* INFORMATION *
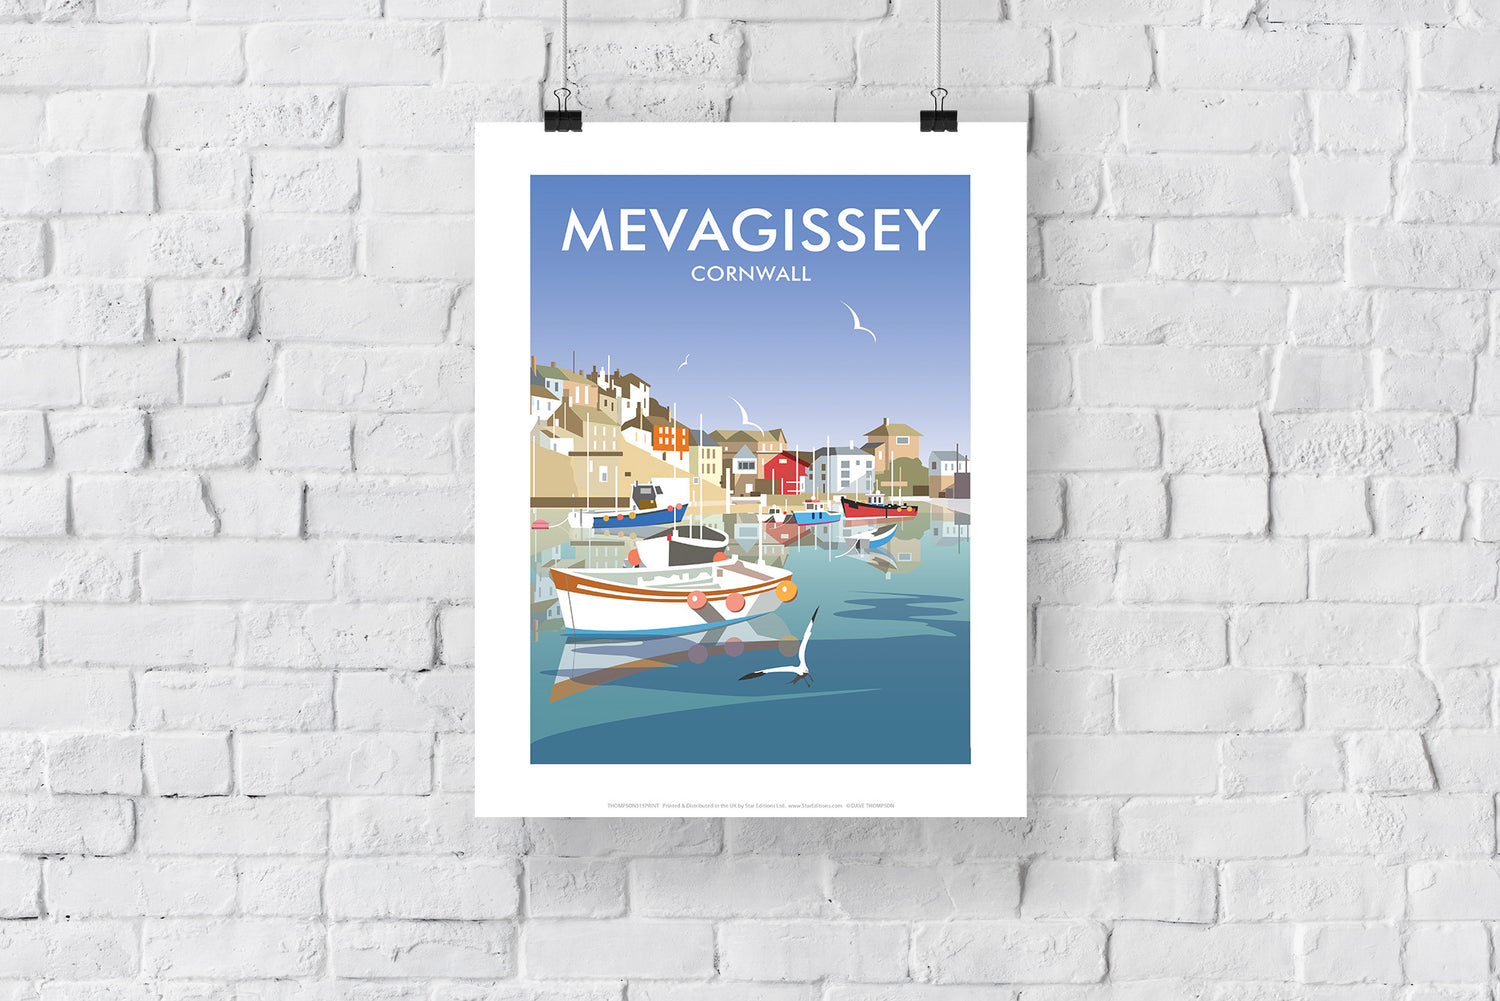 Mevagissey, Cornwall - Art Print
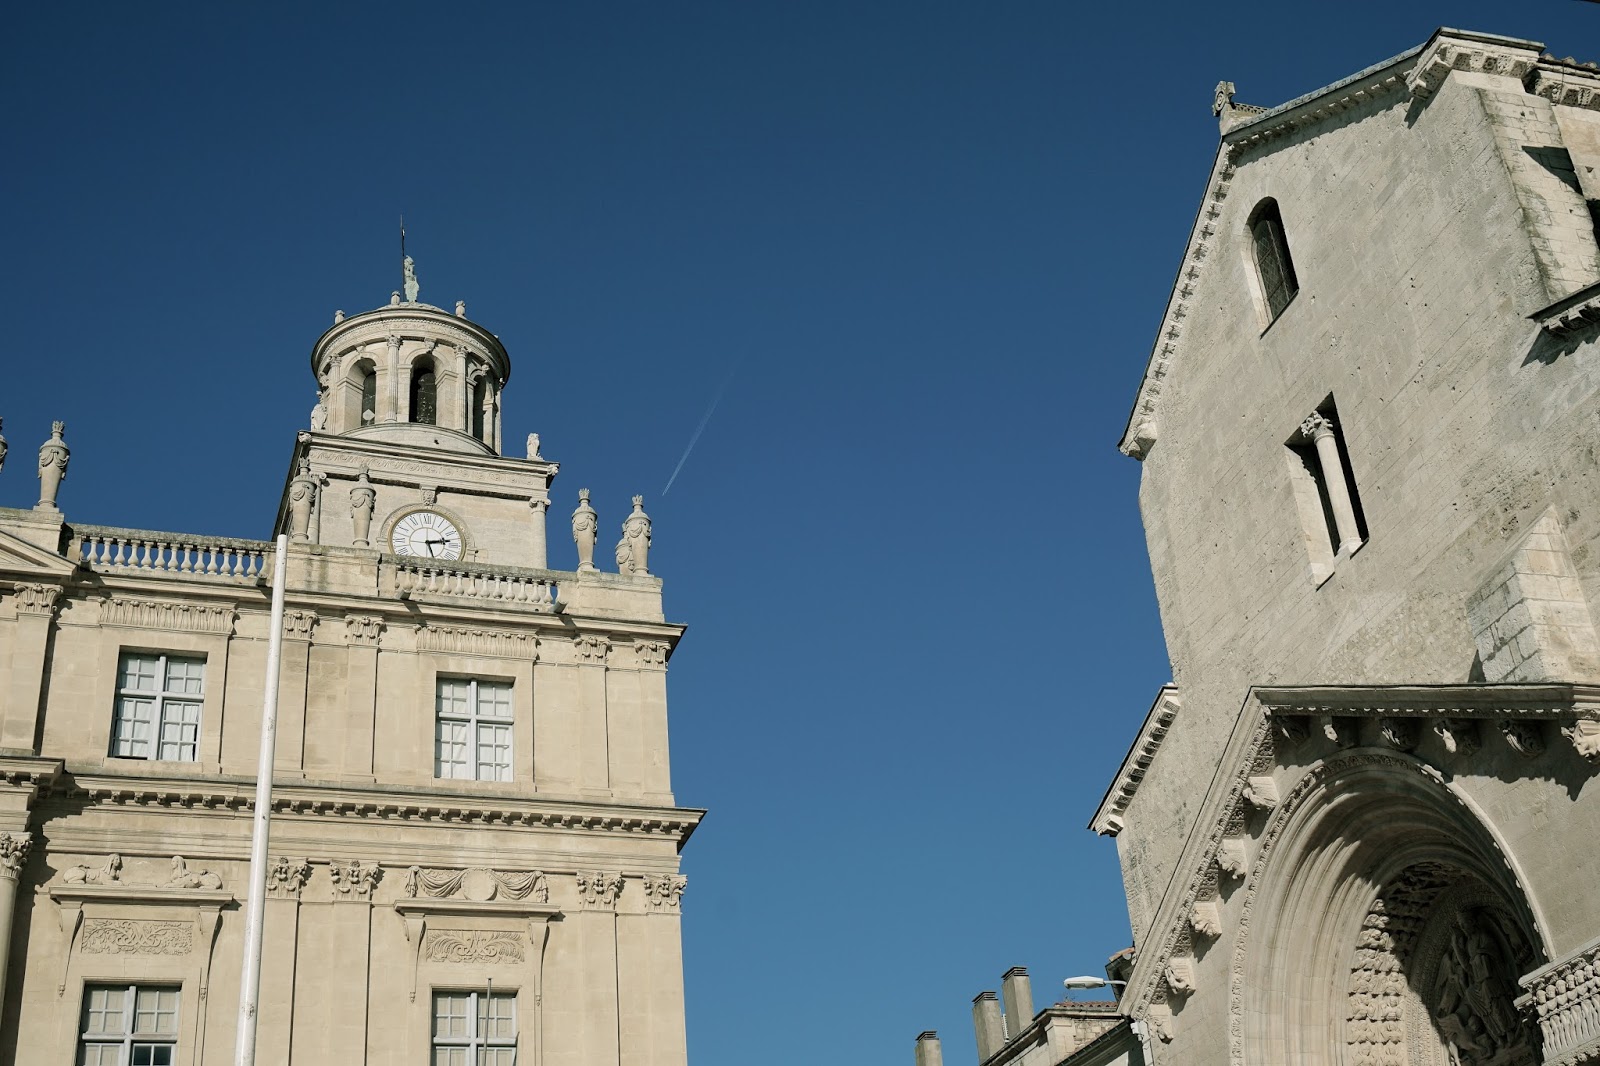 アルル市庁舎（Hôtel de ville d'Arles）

...

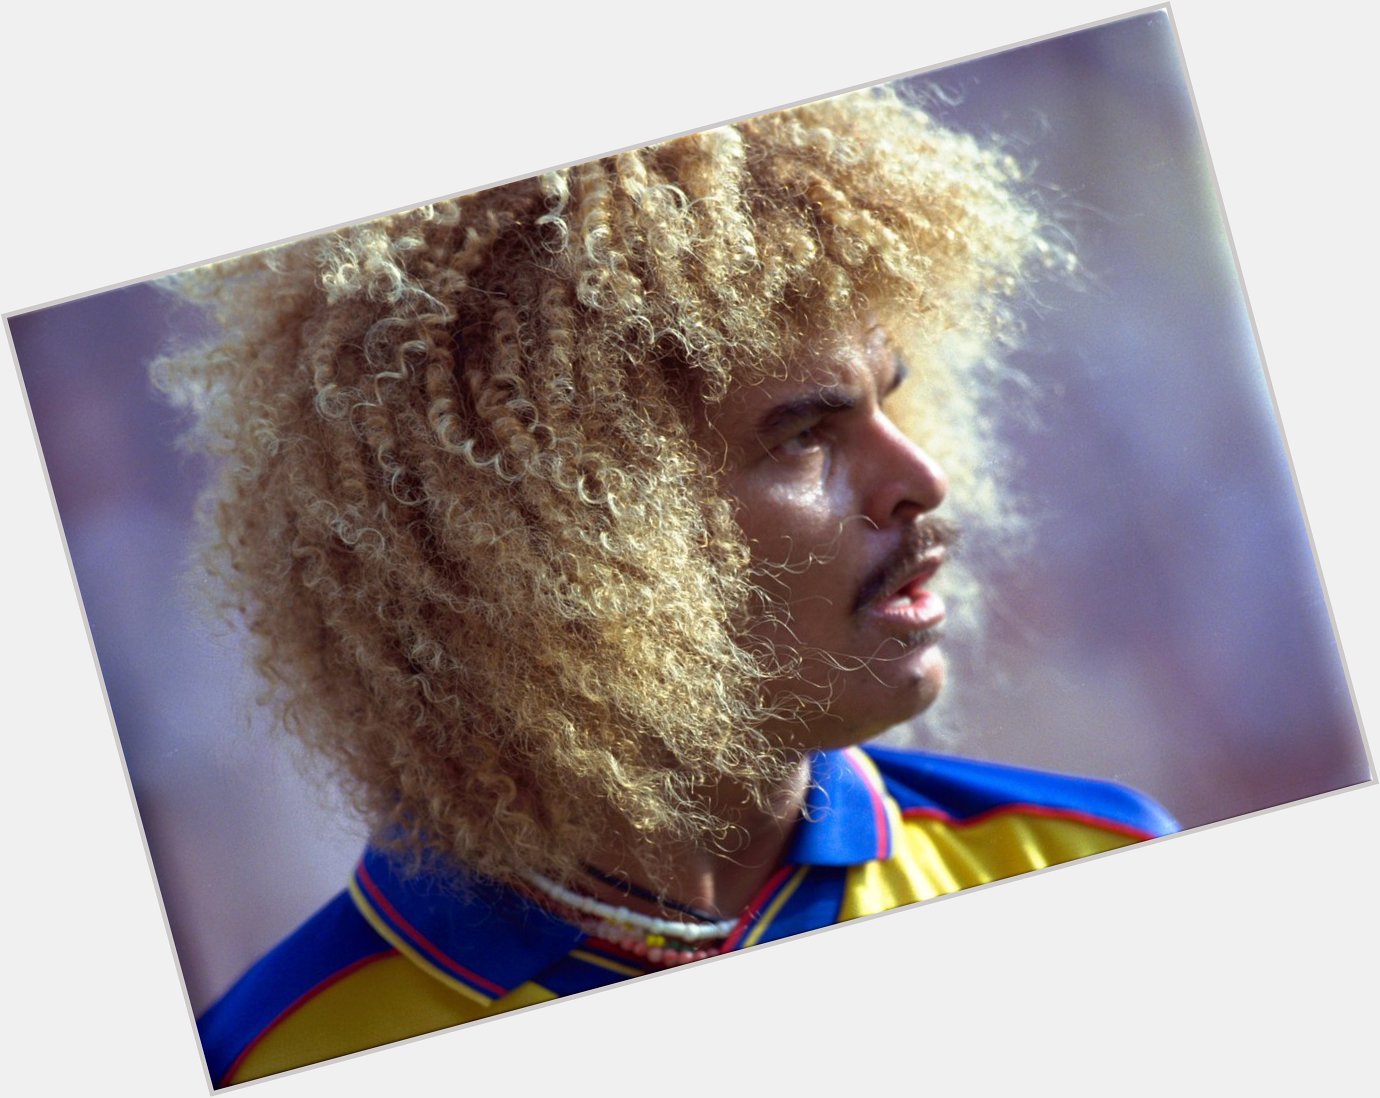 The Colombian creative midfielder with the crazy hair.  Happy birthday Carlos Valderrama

* PROMPT *
Return only the stretch above from the line containing "Mevagissey, Cornwall - Art Print" through the line containing "アルル市庁舎（Hôtel de ville d'Arles）", word for word and without pictures.

* TASK RESULT *
 Mevagissey, Cornwall - Art Print
 アルル市庁舎（Hôtel de ville d'Arles）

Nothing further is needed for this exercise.